• Queuosine, a rare micronutrient from food and gut bacteria, is critical for brain function, memory, stress response and cancer defense—but until now, scientists didn't know how our bodies absorb it.

• Researchers at University of Florida and Trinity College Dublin discovered the SLC35F2 gene, the long-sought "transporter" that allows queuosine to enter cells, solving a 30-year scientific mystery.

• Queuosine fine-tunes gene expression by modifying transfer RNA, influencing everything from learning to tumor suppression—yet most people have never heard of it.

• The breakthrough could lead to new therapies for neurological disorders, cancer and metabolic diseases by leveraging queuosine's role in cellular health.
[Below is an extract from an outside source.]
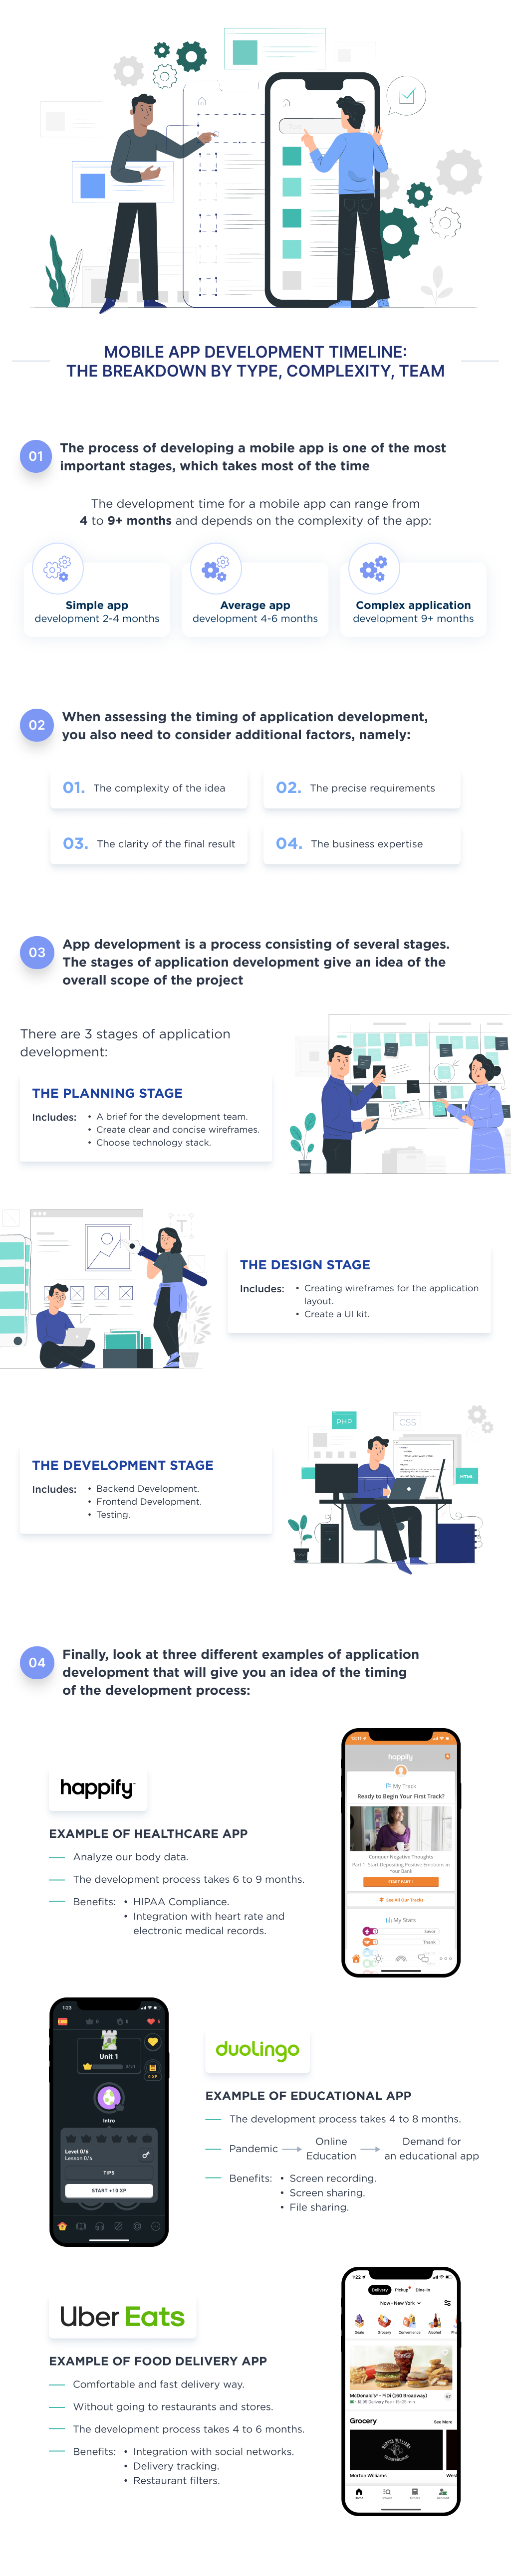 This is an infographic that describes all the necessary steps to calculate the time to develop a mobile app

• The study highlights the power of the microbiome and diet in regulating genetic activity, opening doors for nutrition-based medical interventions.

For over 30 years, scientists knew that queuosine—a vitamin-like micronutrient found in trace amounts in foods like dairy, meat and fermented products—played a crucial role in human health. It modifies transfer RNA (tRNA), the molecular machines that help translate genetic code into proteins, influencing everything from memory formation to cancer suppression. Yet one glaring question remained unanswered: How does queuosine get into our cells?

This week, an international team of researchers—led by the University of Florida (UF) and Trinity College Dublin—published a groundbreaking study in the Proceedings of the National Academy of Sciences (PNAS) that finally solves the puzzle. They identified SLC35F2, a gene that acts as the gatekeeper, transporting queuosine into cells where it can work its magic.